Many training programmes provide dual accreditation with general (internal) medicine and are involved in the general care to hospitalised patients. These are acute medicine, cardiology, Clinical Pharmacology and Therapeutics, endocrinology and diabetes mellitus, gastroenterology, infectious diseases, renal medicine, respiratory medicine and often, rheumatology.

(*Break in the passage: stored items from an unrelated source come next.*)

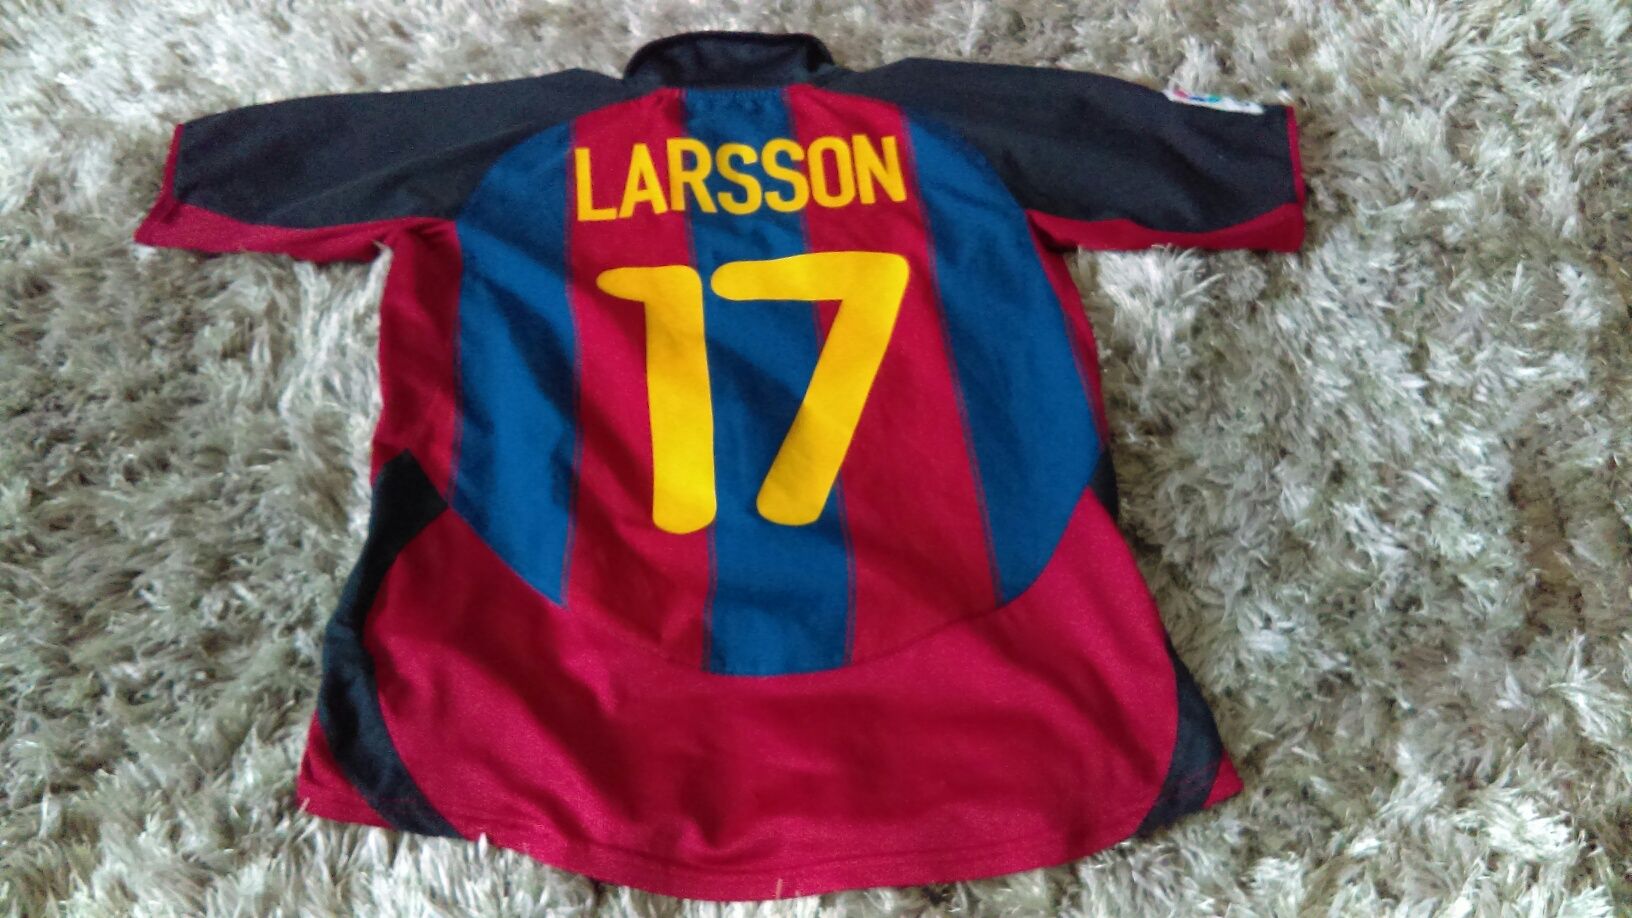 Koszulka Barcelony, 17 Larsson
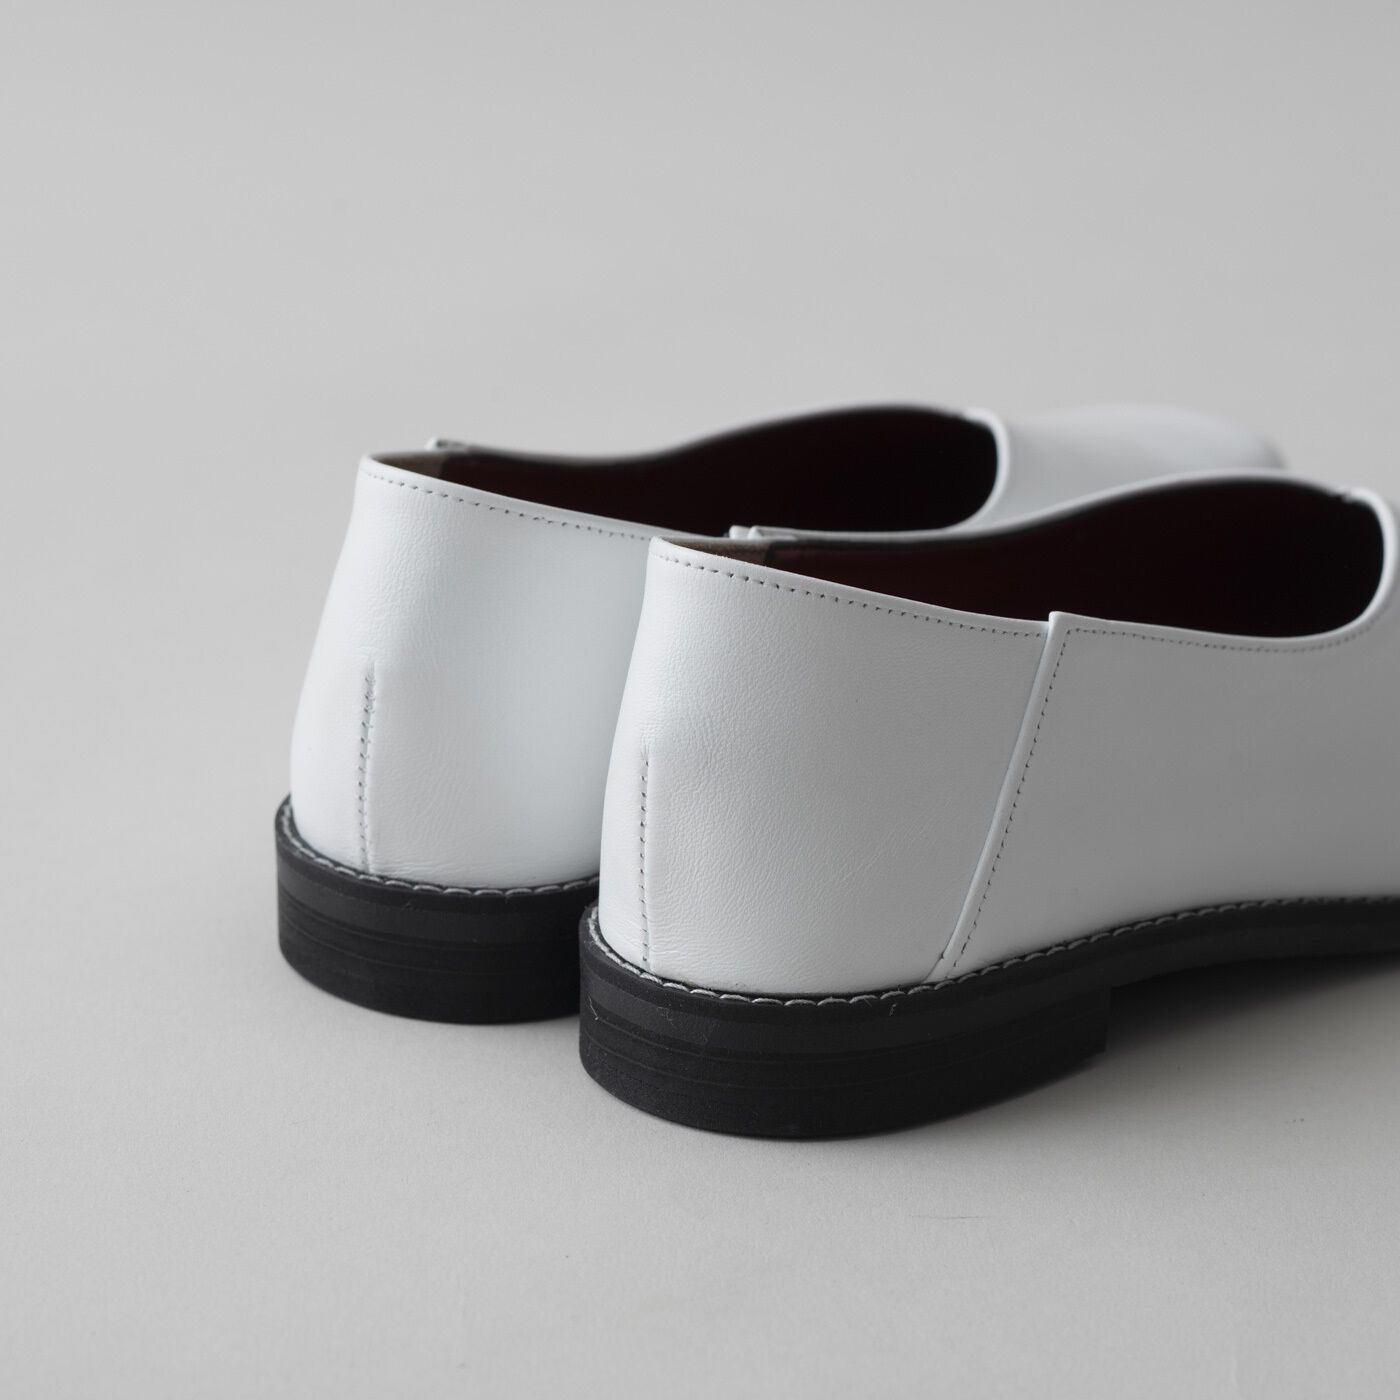 ＆Stories|長田の靴メーカーと作った　職人本革のスクエアノーズシューズ〈ホワイト〉|ほどよいヒール高と疲れにくいクッション性で、機能面もばっちり。
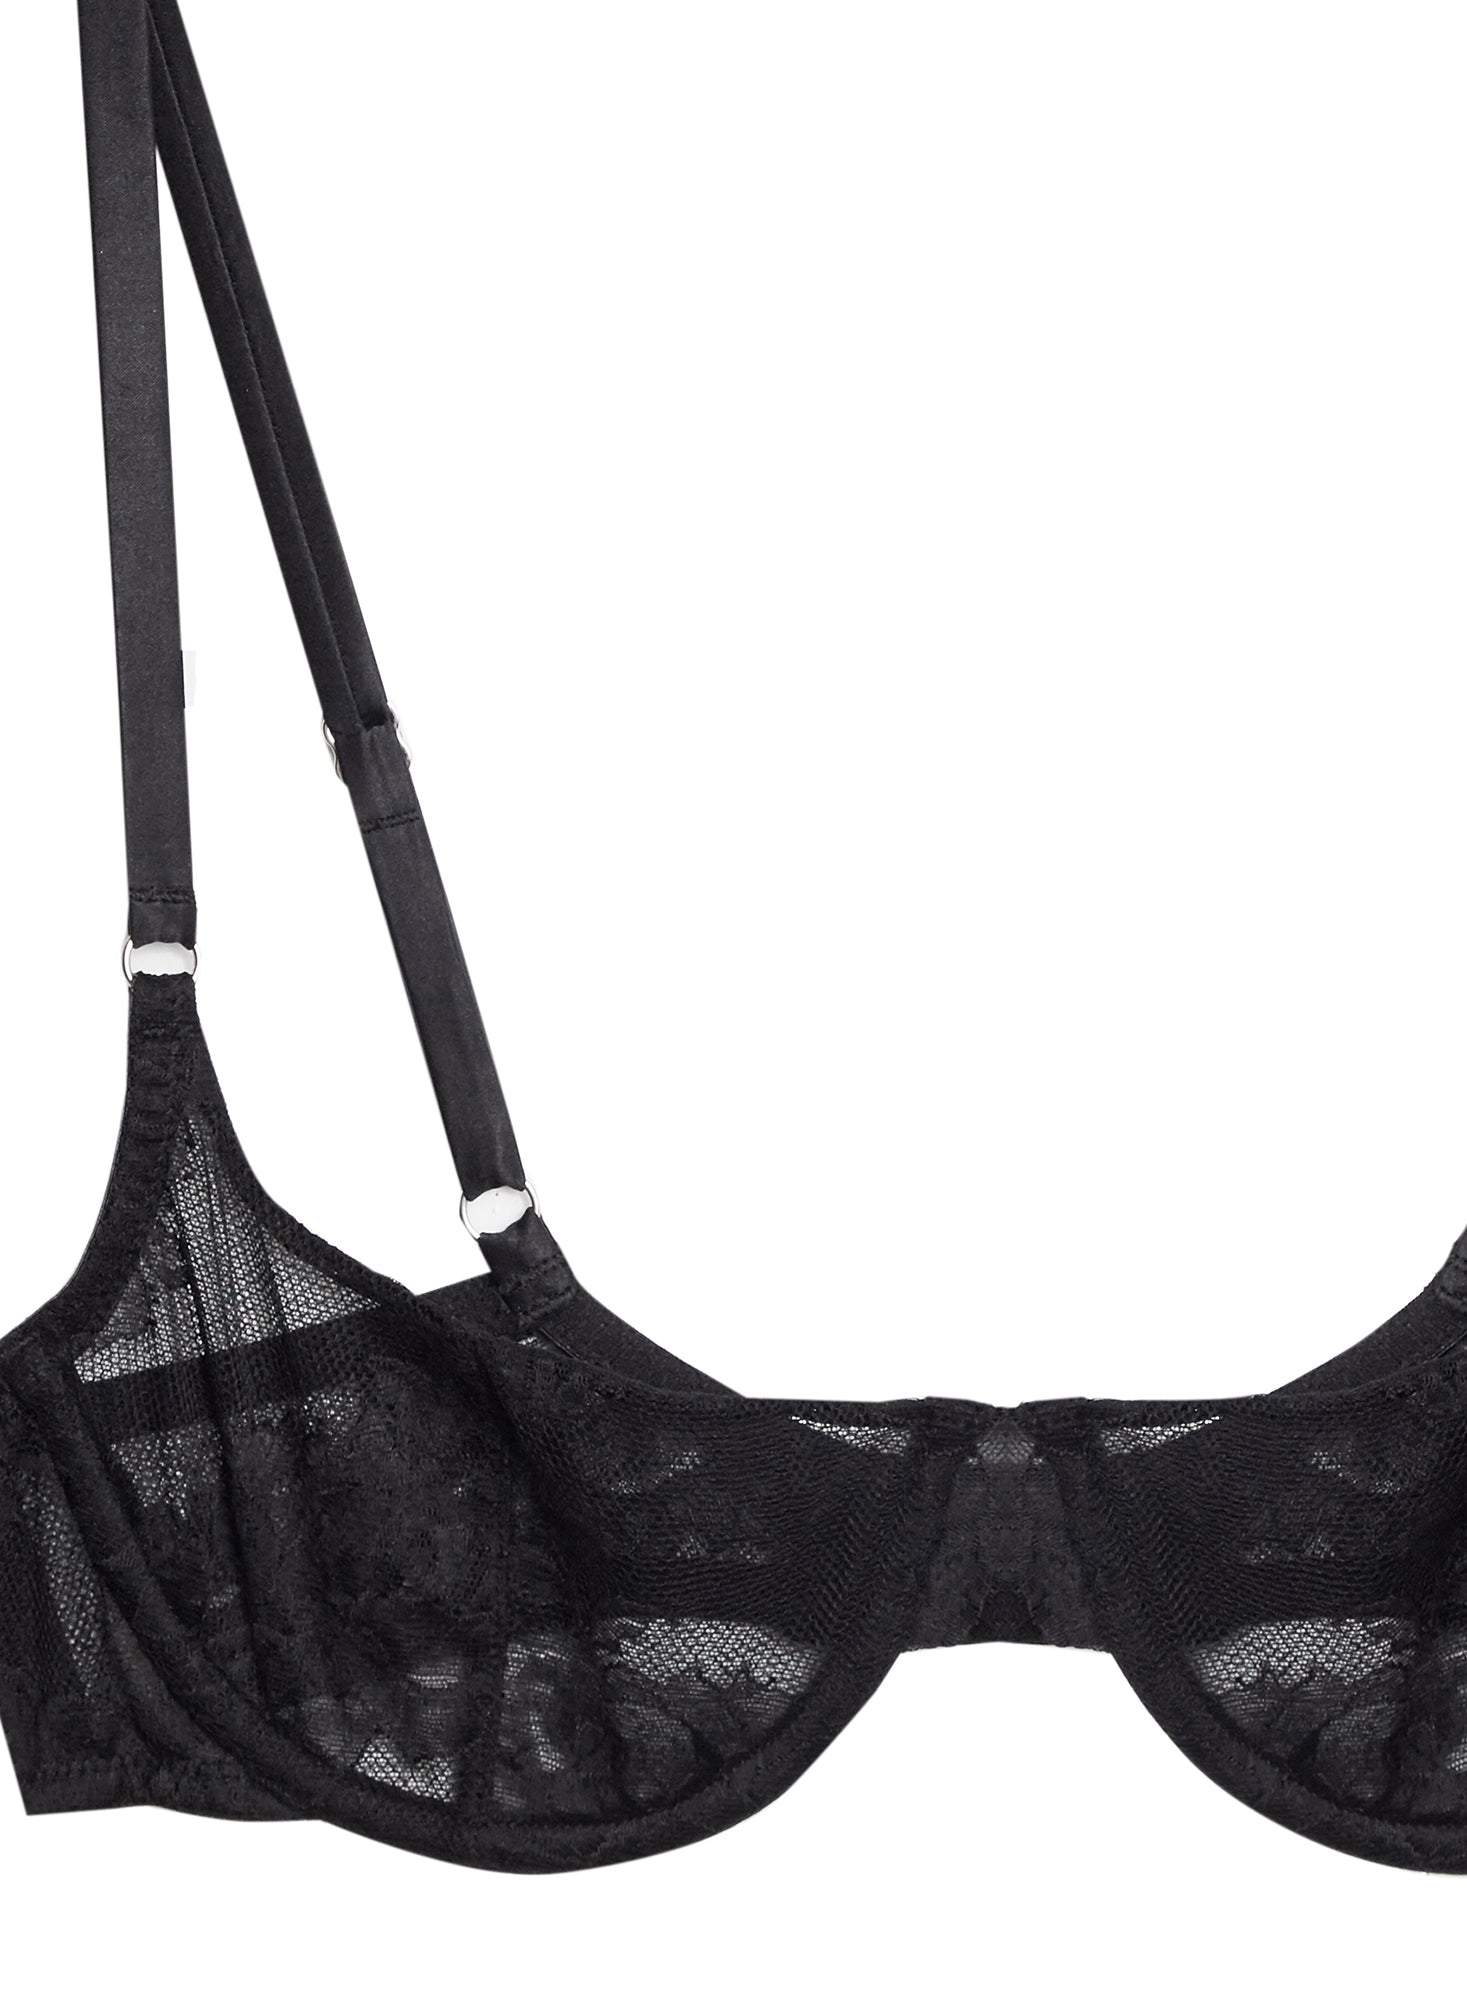 MELENECA Balconette Underwire Sexy Lace Bra for Women Black 38E
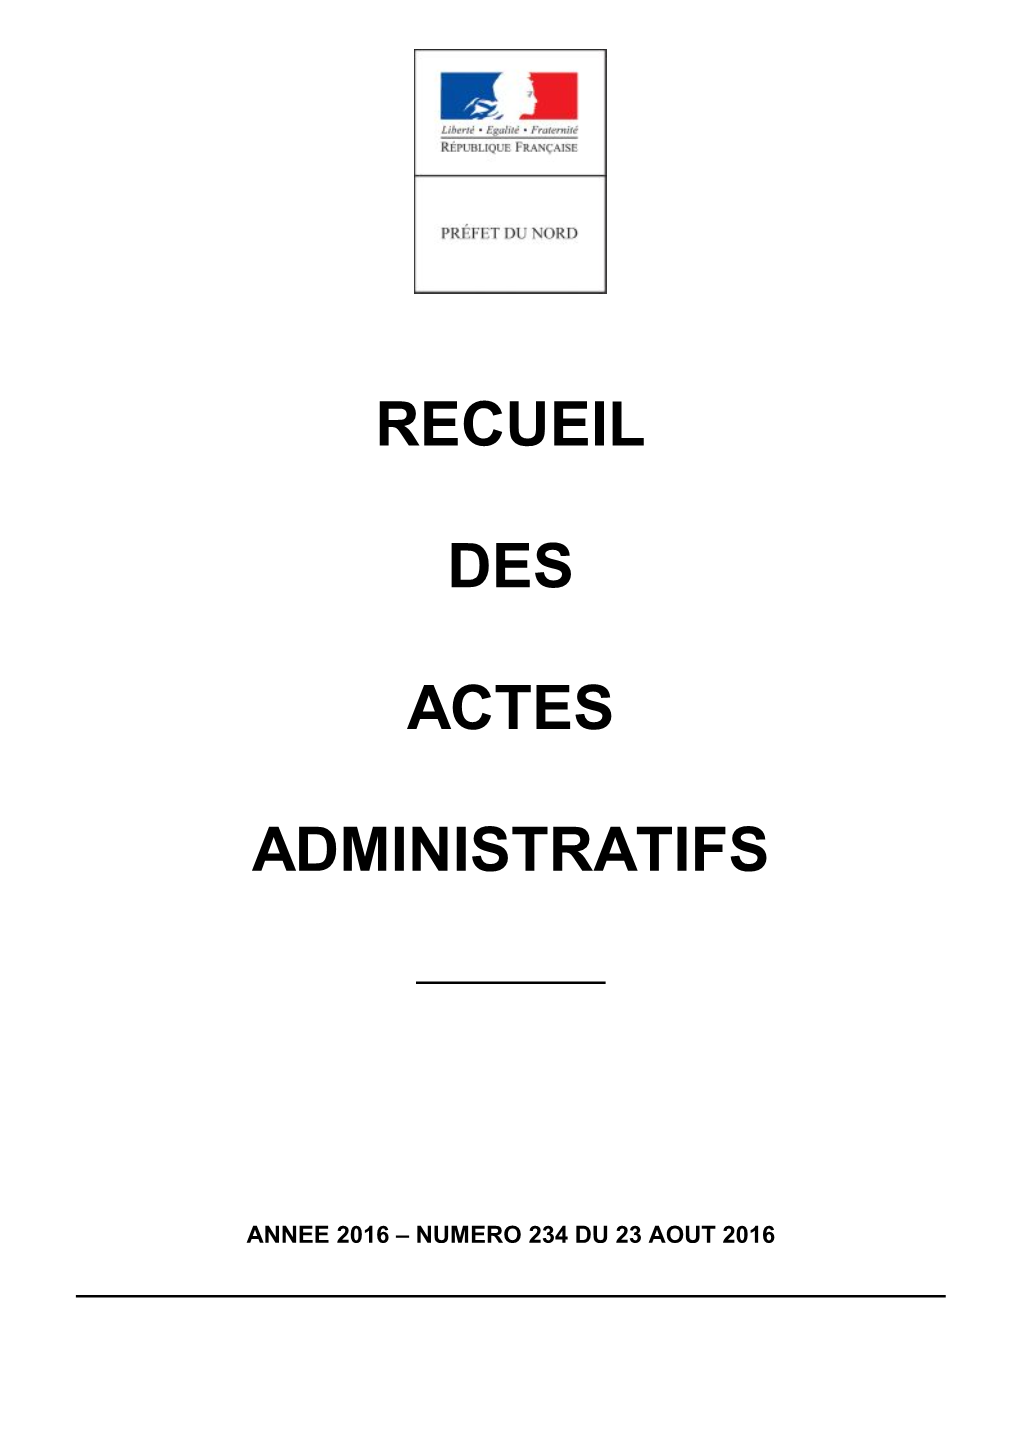 Recueil Des Actes Administratifs De La Préfecture Du Nord Année 2016 - N° 234 Du 23 Aout 2016

The role of general medicine, after a period of decline, was reemphasised by the Royal College of Physicians of London report from the Future Hospital Commission (2013).

European Union 
The European Board of Internal Medicine (EBIM) was formed as a collaborative effort between the European Union of Medical Specialists (UEMS) - Internal Medicine Section and the European Federation of Internal Medicine (EFIM) to provide guidance on standardizing training and practice of internal medicine throughout Europe. The EBIM published training requirements in 2016 for postgraduate education in internal medicine, and efforts to create a European Certificate of Internal Medicine (ECIM) to facilitate the free movement of medical professionals with the EU are currently underway.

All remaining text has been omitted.